So much for the explanation. I hope it is clear as mud. Now lets think about why we don't see this in 5.1 and what can we do to avoid this.

Mark Callaghan said:
"In 5.5, after a page and its neighbors have been flushed, there is an
optimization to not start over from the end of the flush list. In 5.1,
the search always goes back to the end of the flush list. While I think
this is a good change, it also skips the check to halt the search by
comparing oldest_modification with lsn_limit and callers can stay in
longer than they need to. I don't think that is good."

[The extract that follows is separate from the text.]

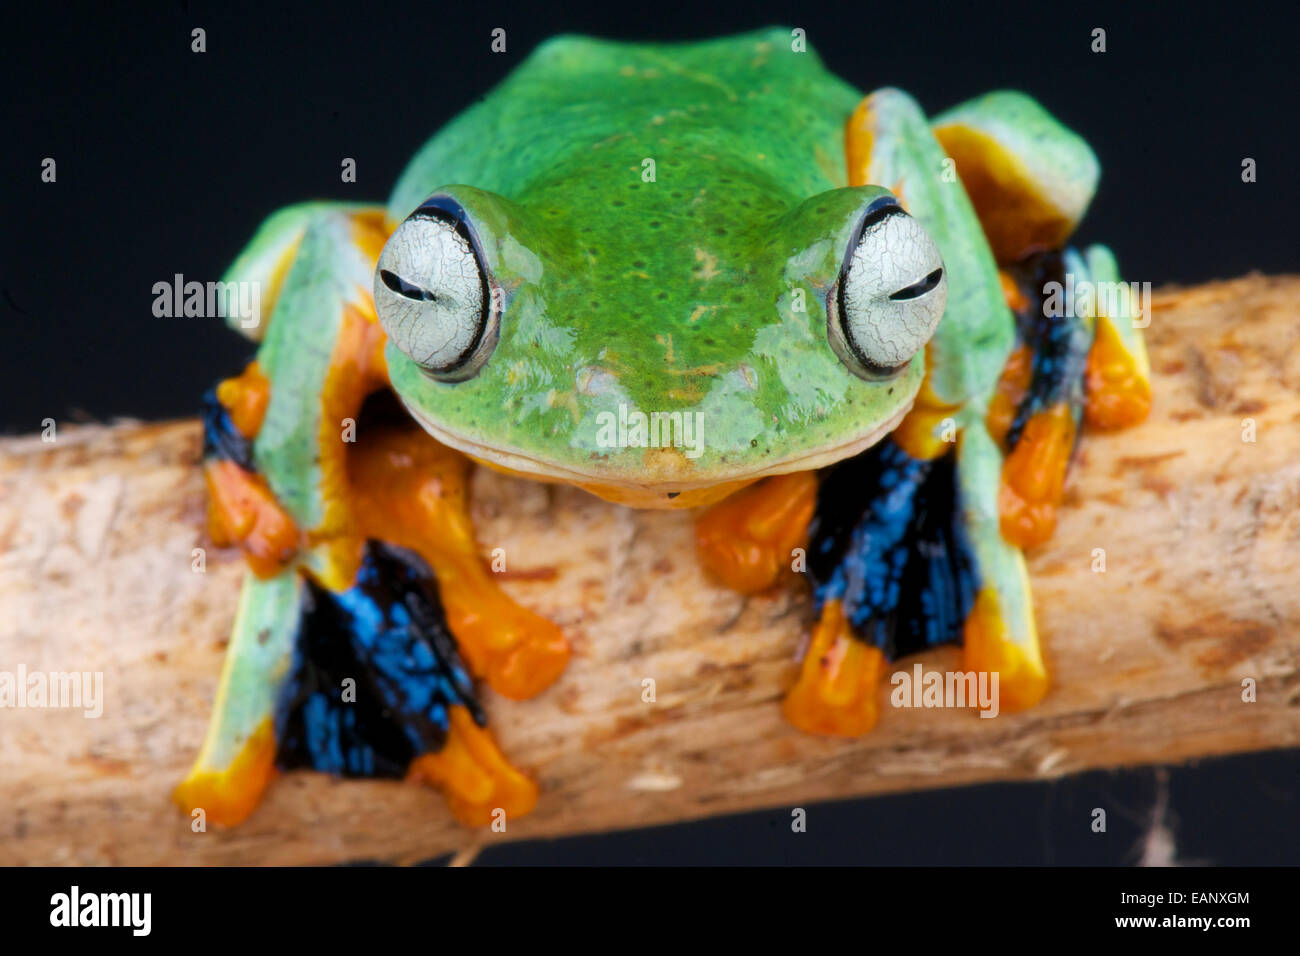 Flying frog / Rhacophorus reinwardtii Stock Photo

The claim about the oldest_modification check is not correct. If you
look at the code snippet I posted yesterday, the check is done in
exactly the same way. If we flush the neighbour pages then 
buf_flush_page_and_try_neighbors() will return TRUE, this fill
force the thread to break out out of the while loop. It will start
from the tail of the list again. The check for oldest modification in
both 5.1 and 5.5 is in the outer loop.

I need to reproduce this to trace it now. By adding artificial delays in the
purge code it should in theory reproduce the symptoms.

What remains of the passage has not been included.